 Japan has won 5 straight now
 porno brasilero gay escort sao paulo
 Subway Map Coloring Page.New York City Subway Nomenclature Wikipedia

☆ ☆ ☆

WHAT YOU SHOULD DO | Repeat the material in full, exactly as it reads.

SOLUTION TO THE PROBLEM |
 Japan has won 5 straight now
 porno brasilero gay escort sao paulo
 Subway Map Coloring Page.New York City Subway Nomenclature Wikipedia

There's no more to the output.